- SOURCE MATERIAL -
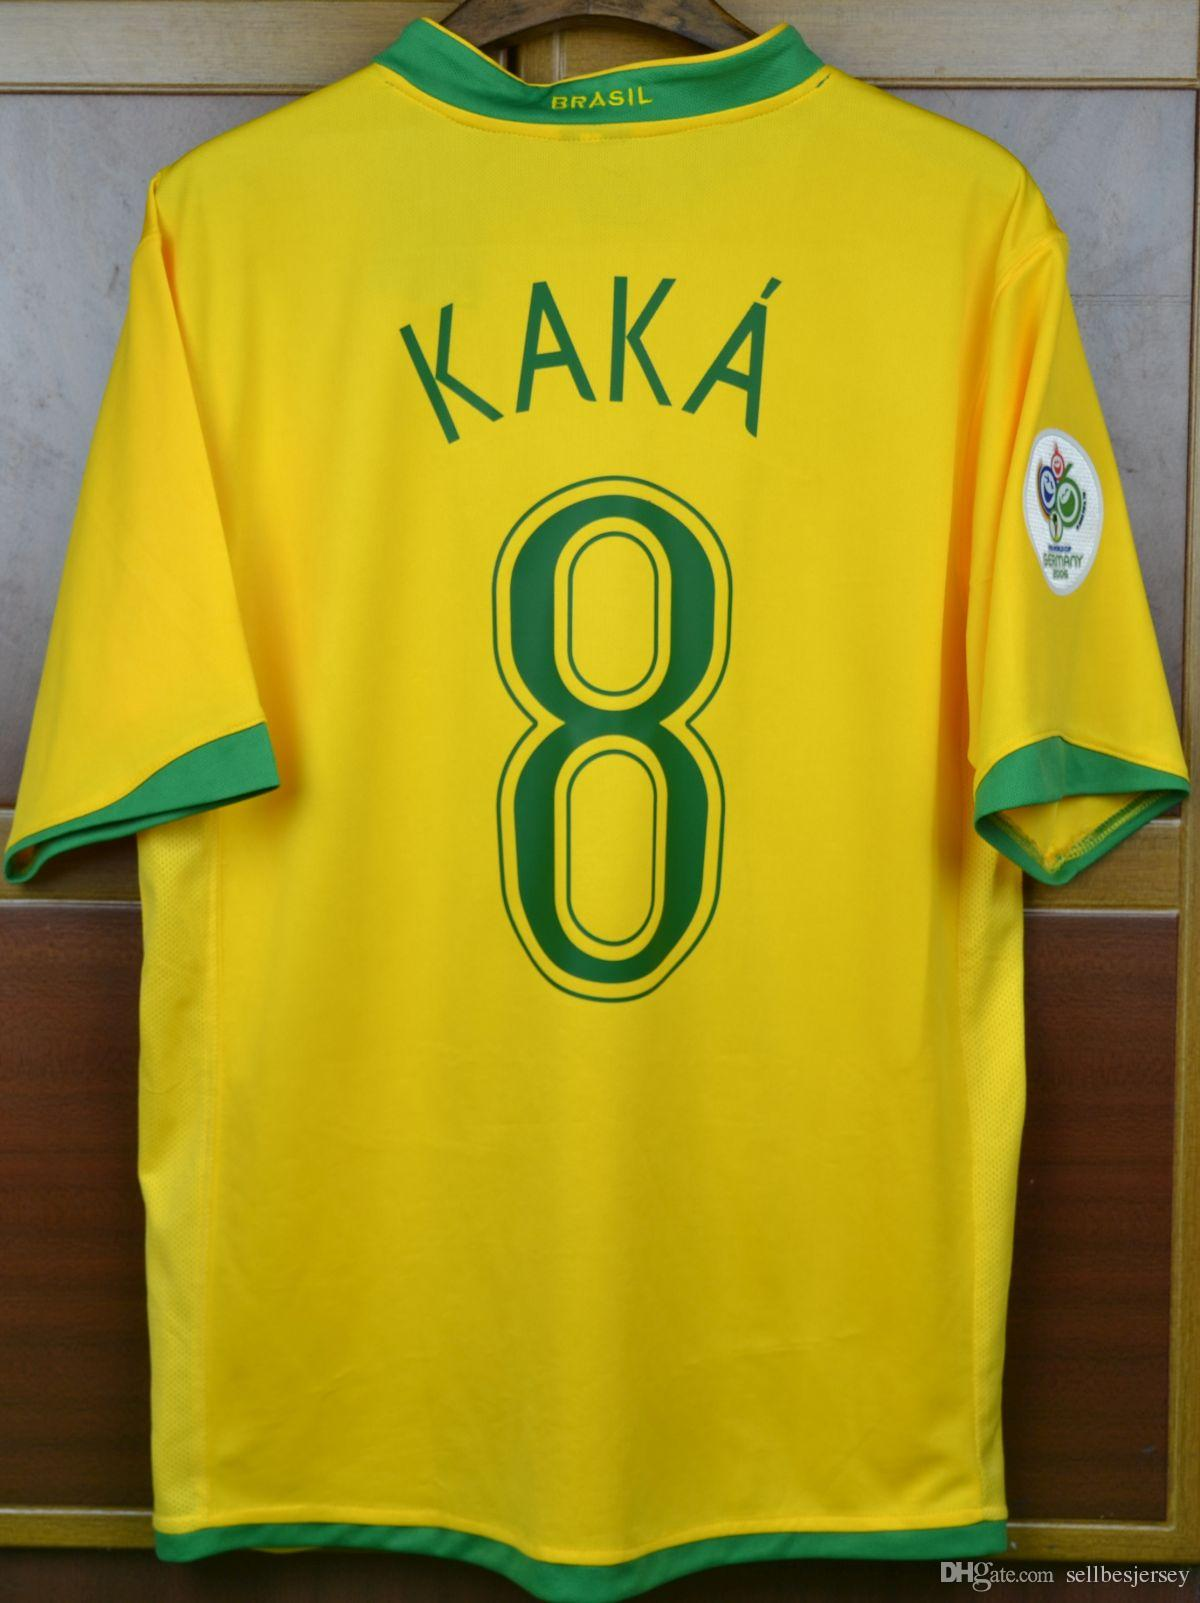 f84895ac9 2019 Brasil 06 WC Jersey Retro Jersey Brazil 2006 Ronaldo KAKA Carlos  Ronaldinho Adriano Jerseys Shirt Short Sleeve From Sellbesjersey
* * *
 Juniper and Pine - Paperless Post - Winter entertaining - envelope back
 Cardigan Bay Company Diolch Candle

- BRIEF -
Reproduce verbatim only the segment of the listing bounded by the line containing "Juniper and Pine" and the line containing "Cardigan Bay Company Diolch Candle", with both boundary lines included.

- FINISHED EXERCISE -
 Juniper and Pine - Paperless Post - Winter entertaining - envelope back
 Cardigan Bay Company Diolch Candle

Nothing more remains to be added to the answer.